On 27 March 2015 at 16:03, Alan Somers <asom...@freebsd.org> wrote:
> On Fri, Mar 27, 2015 at 4:36 PM, Adrian Chadd <adr...@freebsd.org> wrote:
>> hi,
>> please don't try to microoptimise crap like strlen().
>> The TL;DR for performant high-throughput code is: if strlen() or
>> memcpy() is the thing that's costing you the most, you're doing it
>> wrong.
>> -adrian
> I respectfully disagree.  A well-optimized libc will benefit
> _every_single_program_ that uses strlen.  That includes Apache, Samba,
> Memcached, Quake, and basically every single program that every single
> FreeBSD user uses.  There's no reason that 3rd party software
> maintainers should have to rewrite basic libc functions in order to
> get decent performance on FreeBSD.  And the downsides are so small!
> In 2015, we should assume by default that most userland software is
> using SIMD instructions.  As Eric noticed, Clang emits them freely.
> What's the point to lazily saving the SSE registers on context
> switches if essentially all programs compiled from Ports will be using
> those registers anyway?  I agree with Jilles; I think we should always
> save the SSE registers for userland programs.

That's fine, but those benchmarks and improvements also have to take
into account the environment that these programs are running in, and
all of the other things that are going on with it.

Fixing strlen() to use SSE2 is great, but if the gains are offset by
fpu save/restore when doing fine grain locking that's blocking under
real world workloads, what's the benefit? What about if the system is
context switching over a million times a second? These are real life
things I see servers running all of the above software /do/.

One only knows with benchmarking, not microbenchmarking.

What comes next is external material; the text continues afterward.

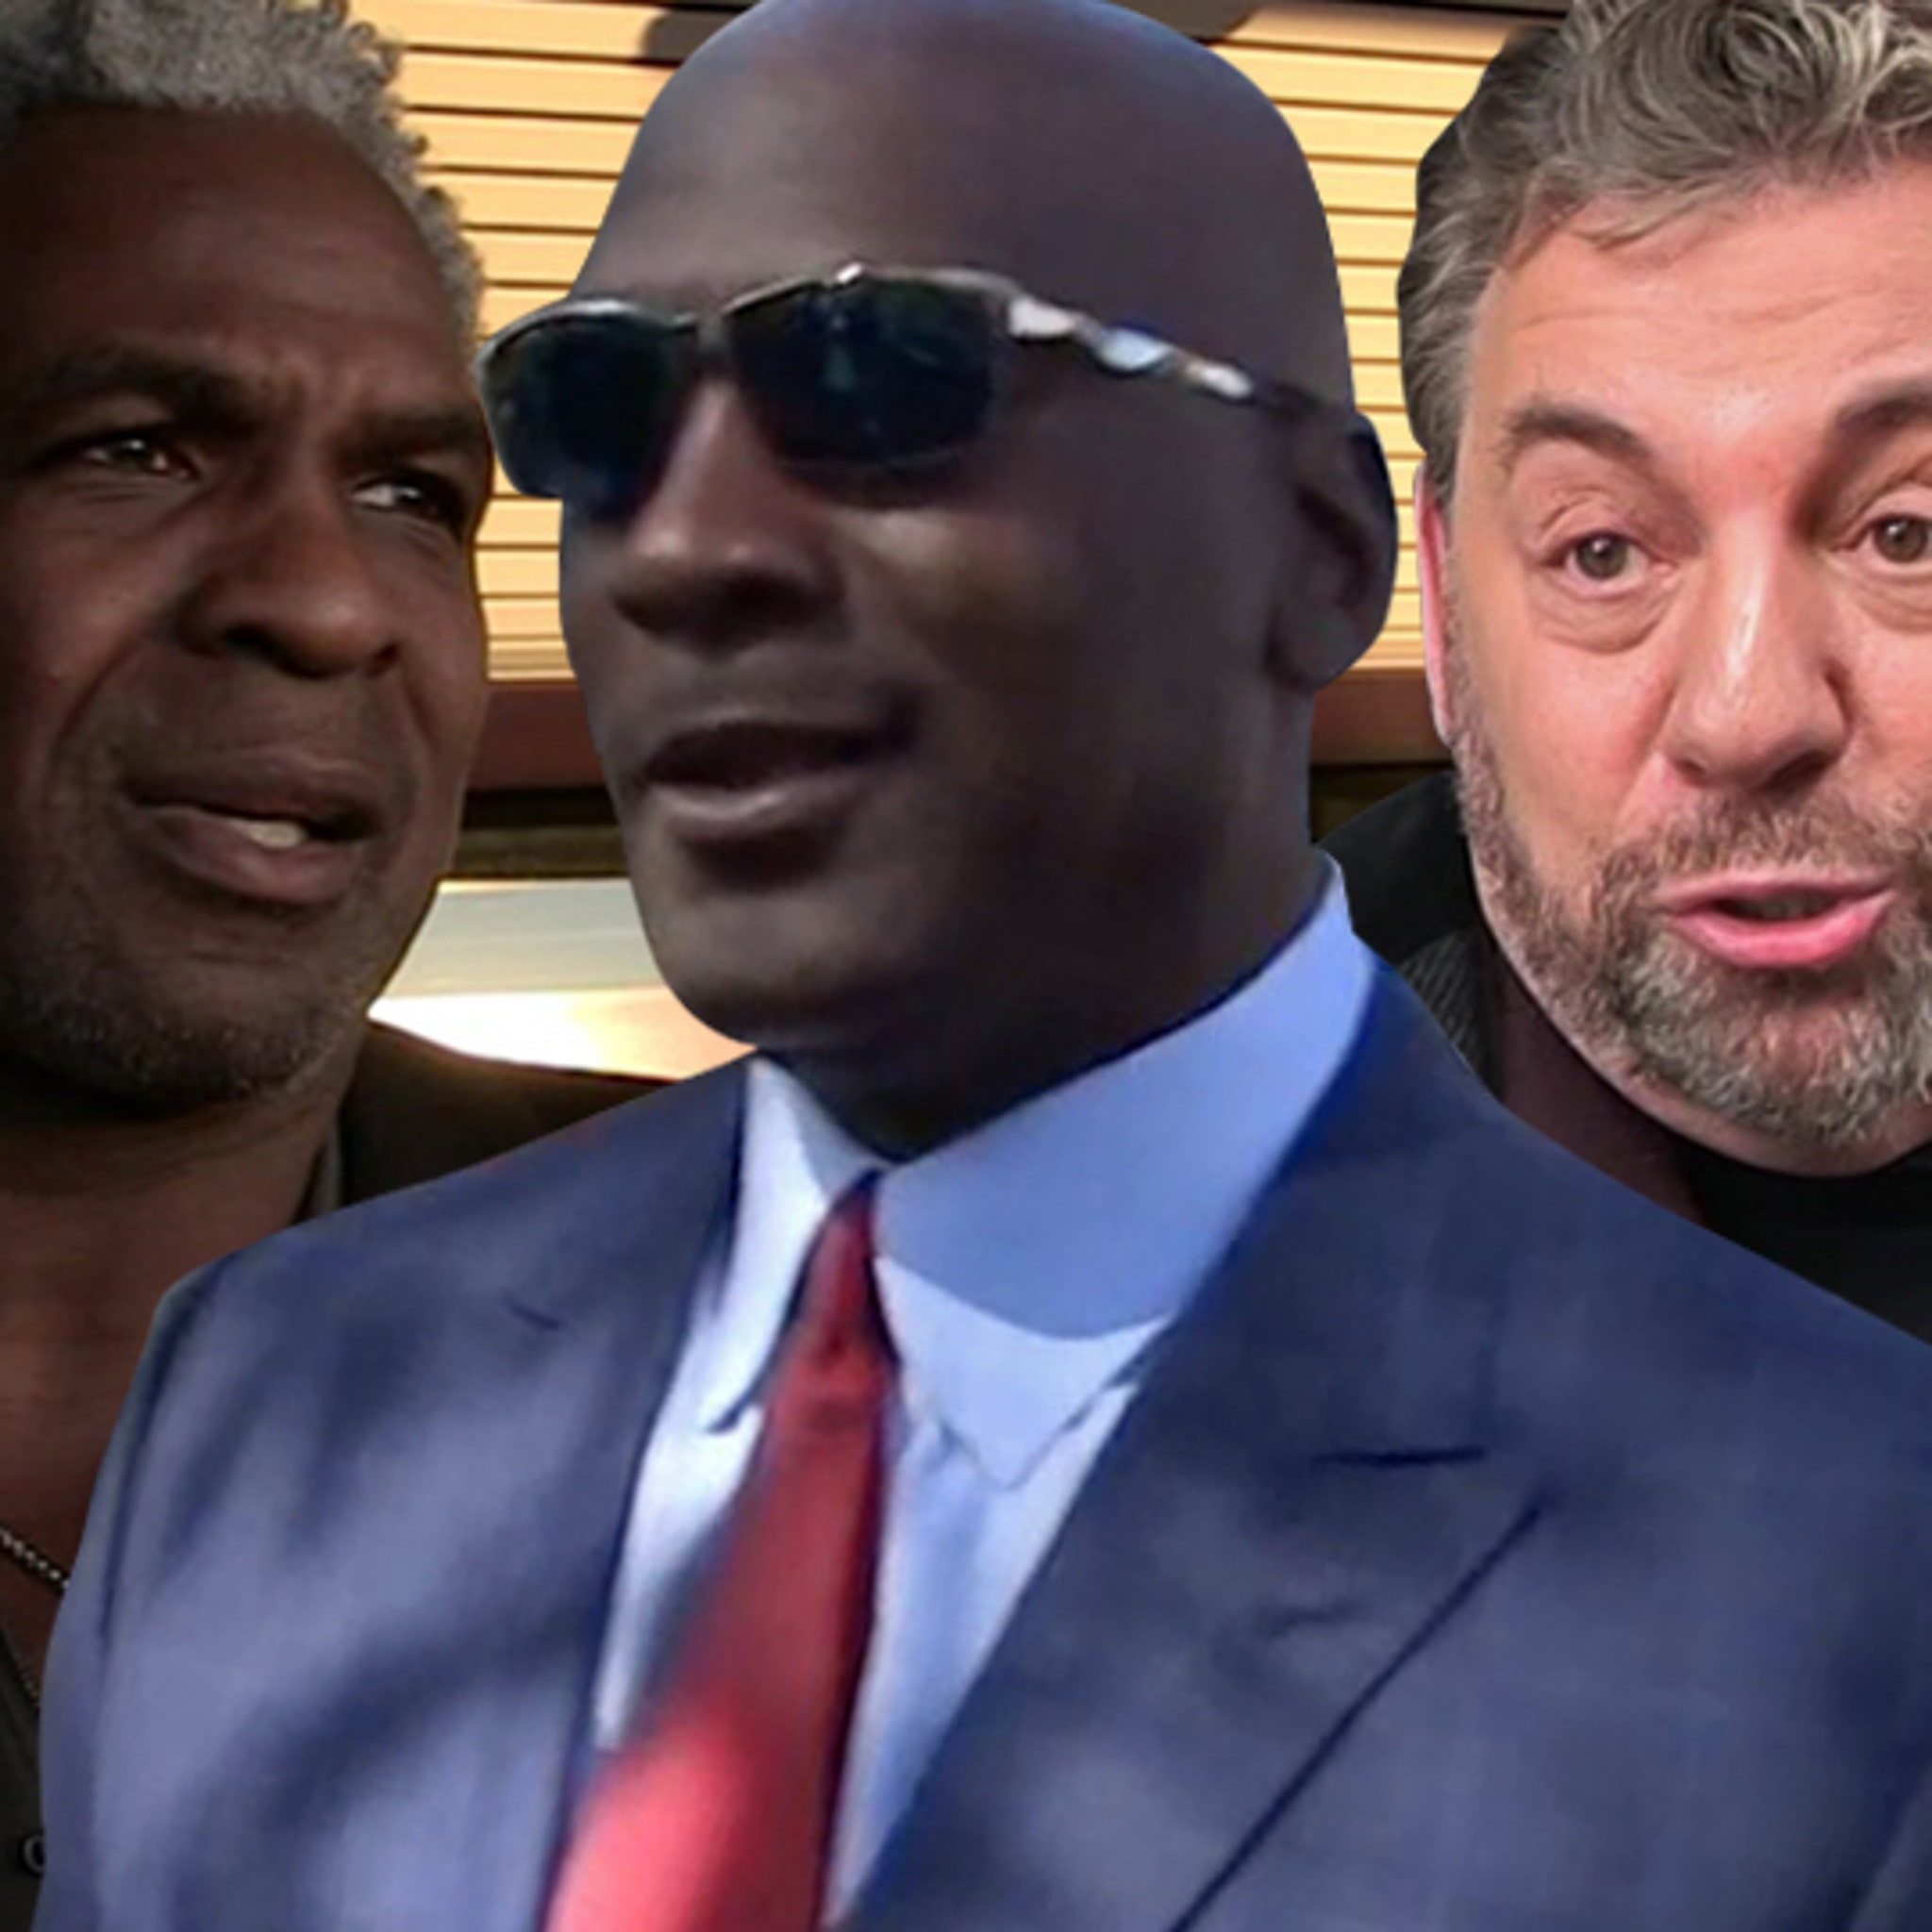 Michael Jordan Plays Peacemaker with Charles Oakley and Knicks Owner

Microbenchmarks are great. They serve a purpose, which is "how the
heck is the current silicon I'm running on run some code that I've
cleverly crafted to hopefully run well."

I'm totally for saving/restoring SSE registers for userland programs.
But that's not where that kind of "make stuff fast" work should stop.
If it does, and that's where your benchmarking for the real world
stops, then you're doing it wrong.

Everything is a toss-up. For this userland based netmap packet pushing
app, SEE may be nice for some instructions, but know what else screws
things? The fact that the default scheduler policy is terrible and
crap gets scheduled /everywhere/ under any appreciable amount of load.
That the context switch rate is high, the interrupt rate is also high,
and with a little locking going on, I see fpu save/restore occur for a
non-insignificant fraction of CPU. Optimising strlen() or memcpy() is
great, but when my system context switches a million times a second,
we're never going to reach the steady state that these CPUs can really
crank out real work at under those conditions.

So, cool. Please keep poking at that stuff. But if you stop short of
making the system actually /be able to take advantage of them under
load/, I respectfully ask for a nice knob I can use to turn them off.


(Know where the slowdowns for memcached are? Hint - not strlen or
memcpy. Yes, I've been down that rabbit hole recently. Know what /i/
have? 1 million UDP transactions a second working on 16 core
sandybridge systems. Know what I didn't optimise? memcpy or strlen.
The network stack locking and pthreads overhead is what sucks.)